[Dataset extract]

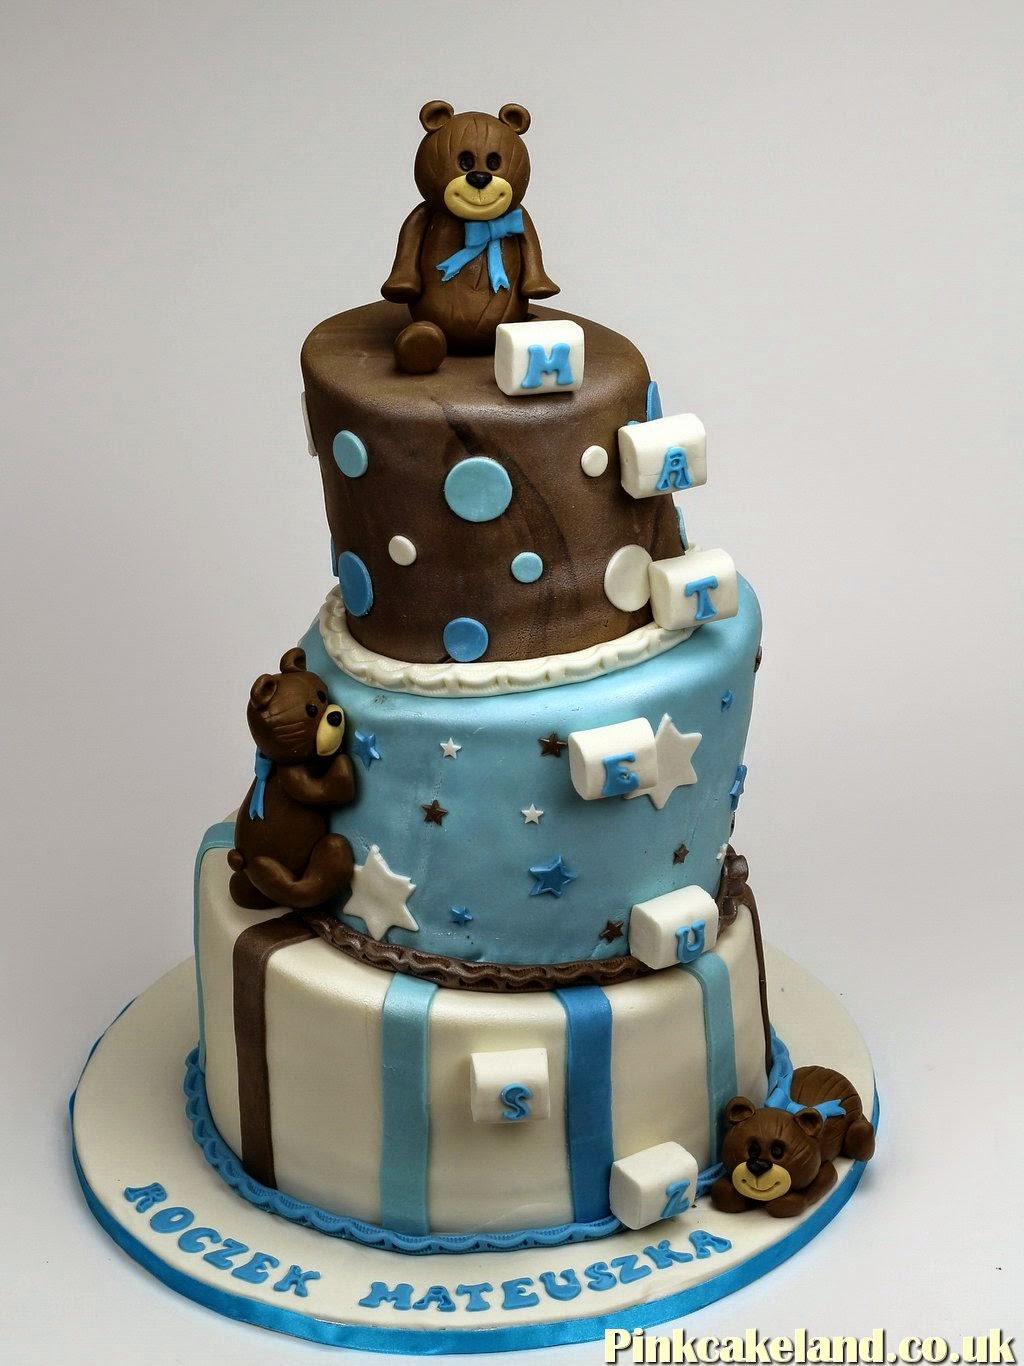 Topsy Turvy Cake - Teddies Birthday Cake in Wembley
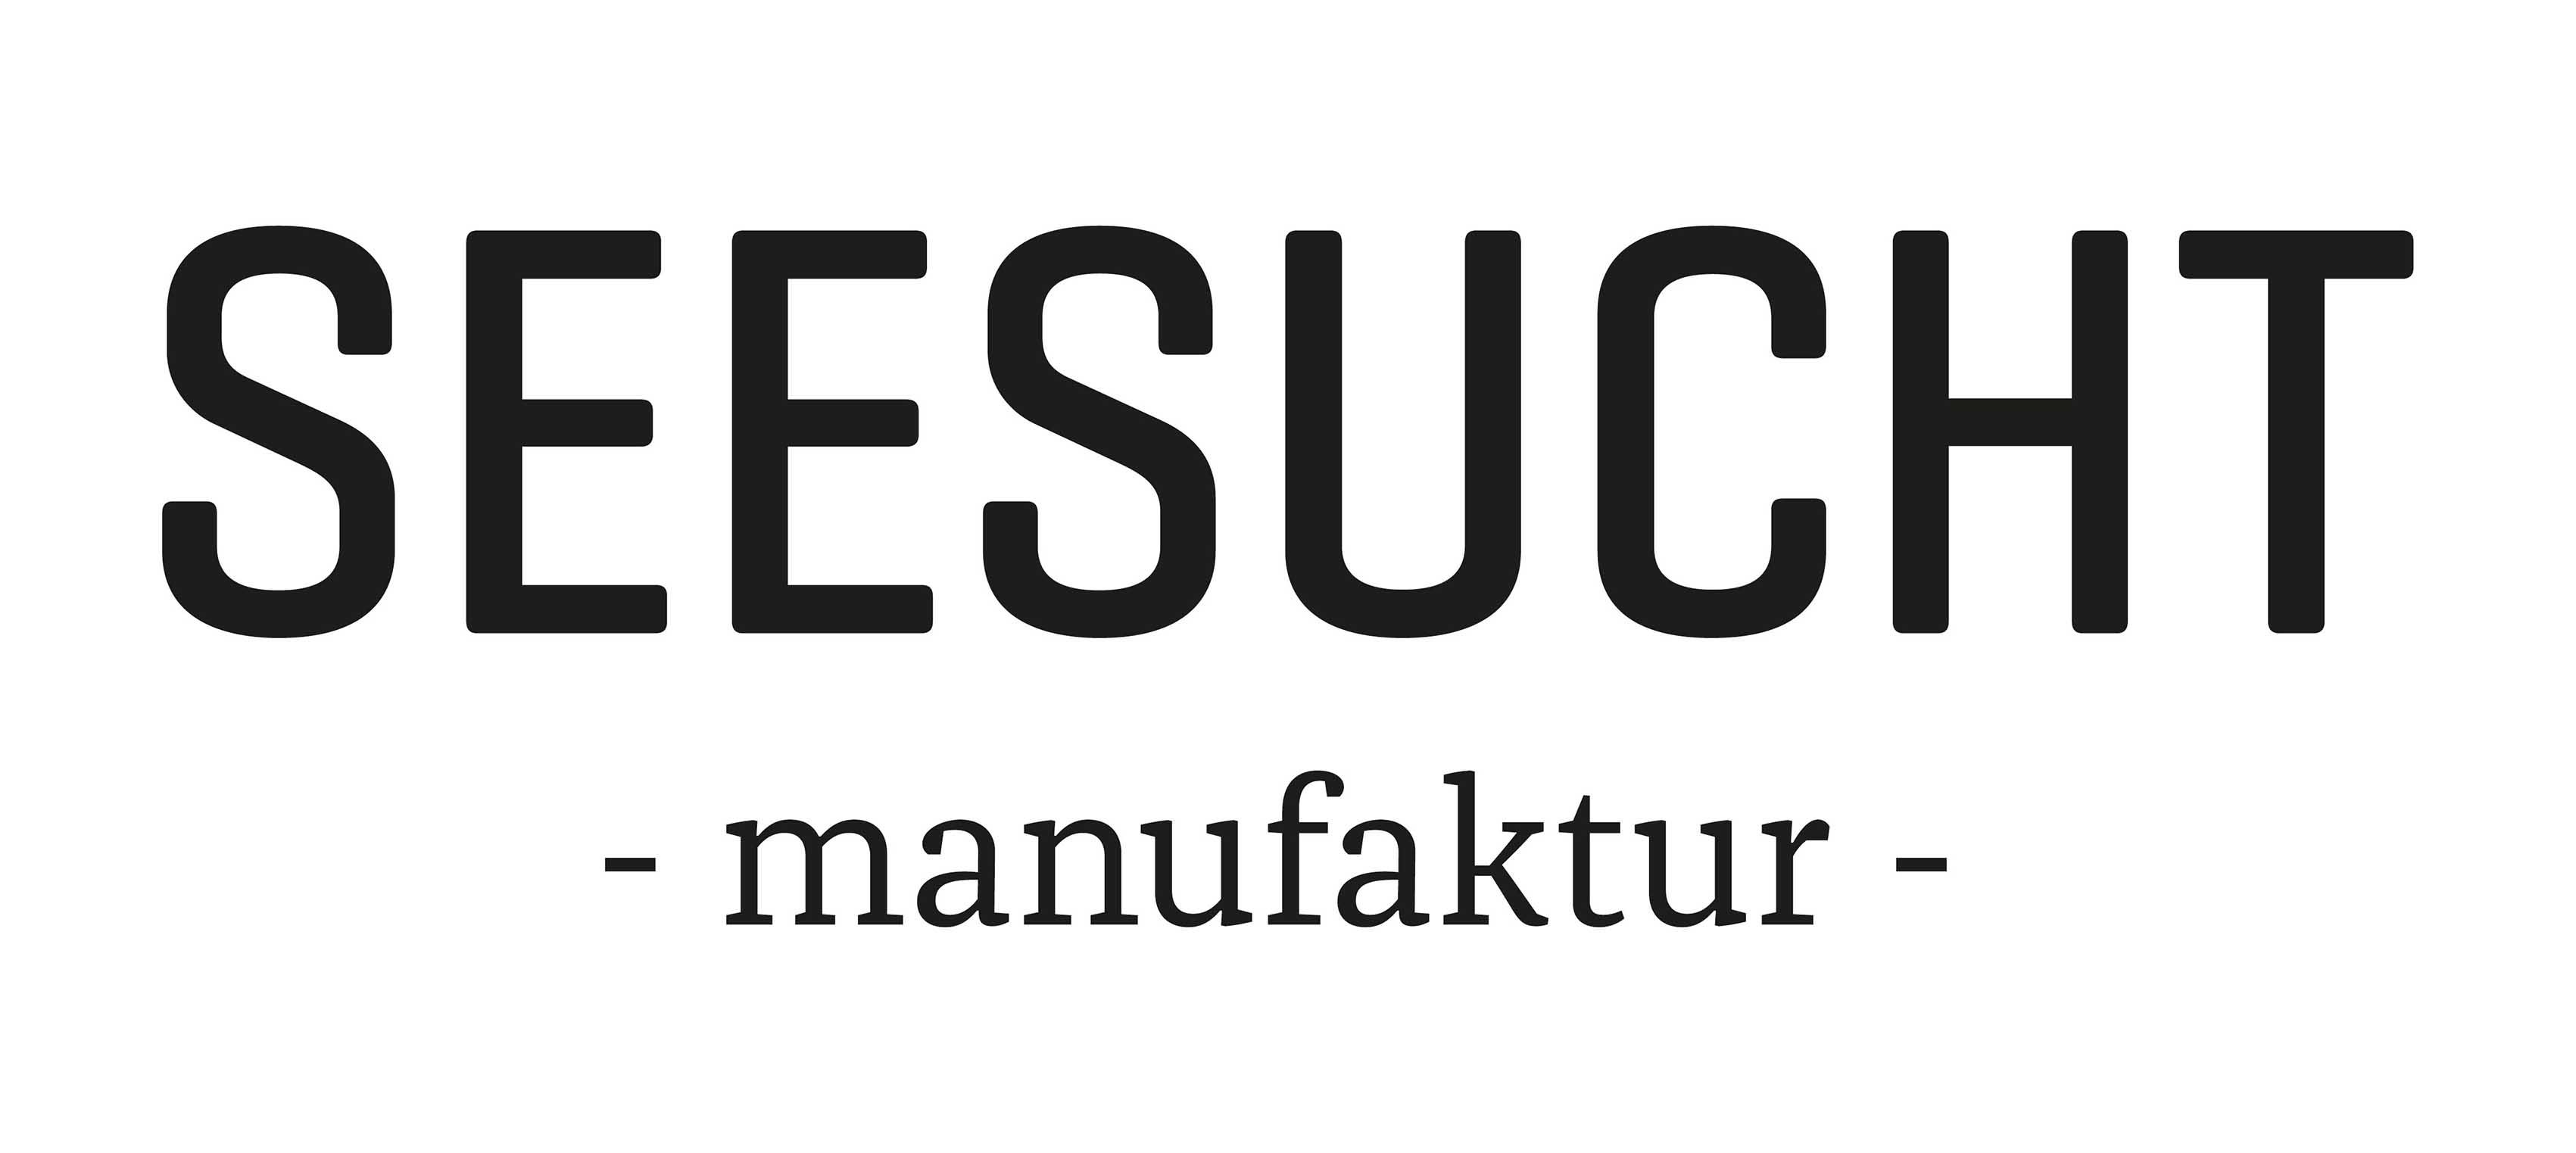 Seesucht Manufaktur
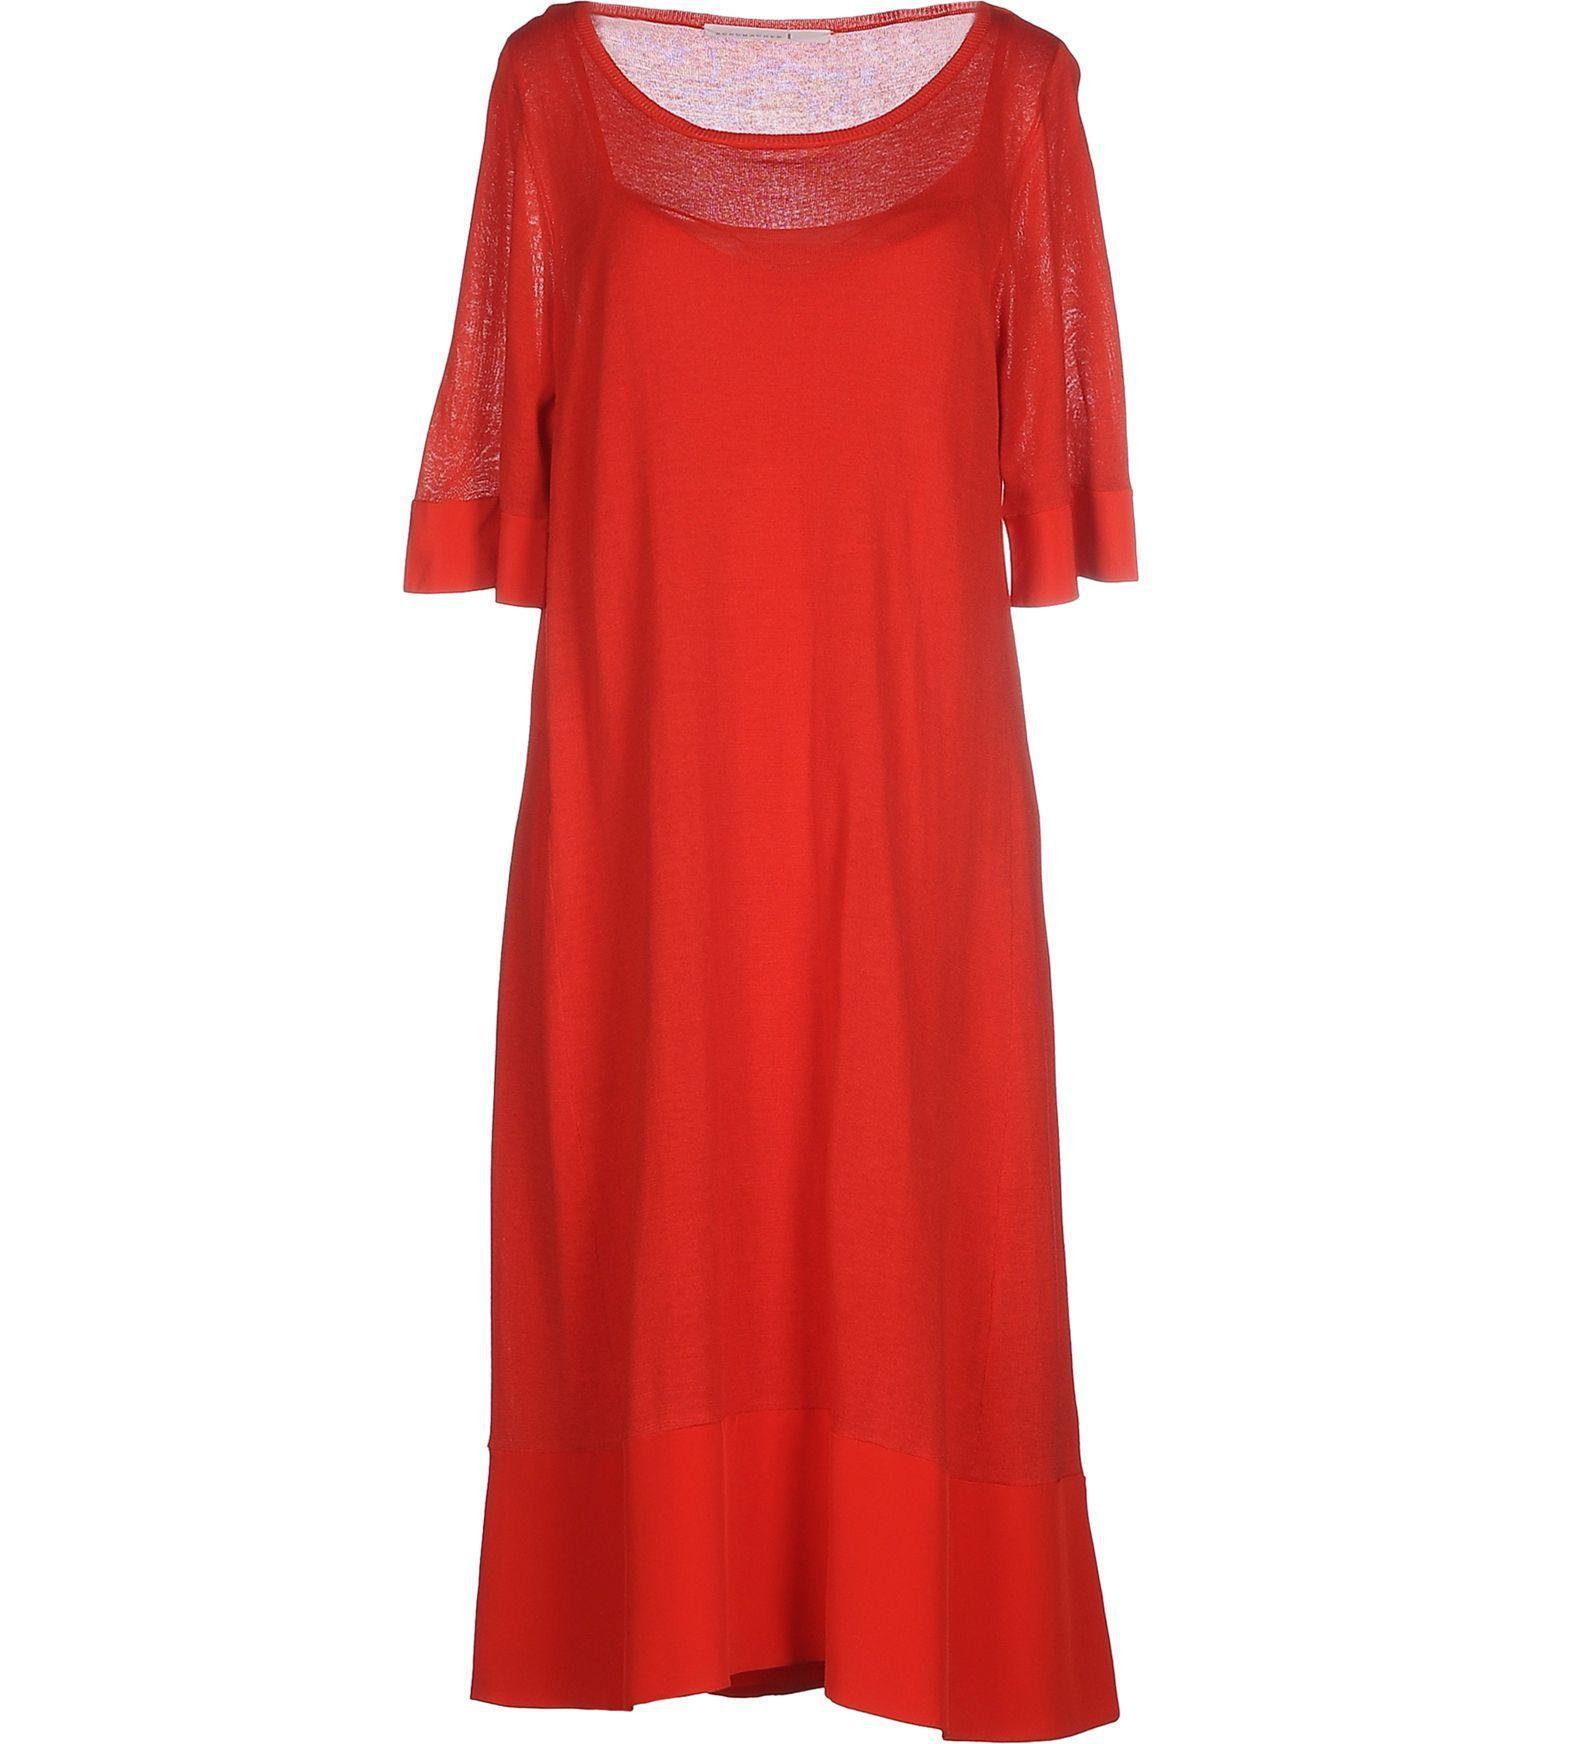 Αυτή την ευκαιρία δεν πρέπει να την χάσεις:SCHUMACHER ΦΟΡΕΜΑΤΑ Φόρεμα μέχρι το γόνατο στην μοναδική τιμή των...

[/Dataset extract]

▶ **The problem**
Word for word, retype the lines from the one that contains "Seesucht Manufaktur" through the final line of the data, both ends included, excluding pictures.

▶ **Result**
 Seesucht Manufaktur
 Αυτή την ευκαιρία δεν πρέπει να την χάσεις:SCHUMACHER ΦΟΡΕΜΑΤΑ Φόρεμα μέχρι το γόνατο στην μοναδική τιμή των...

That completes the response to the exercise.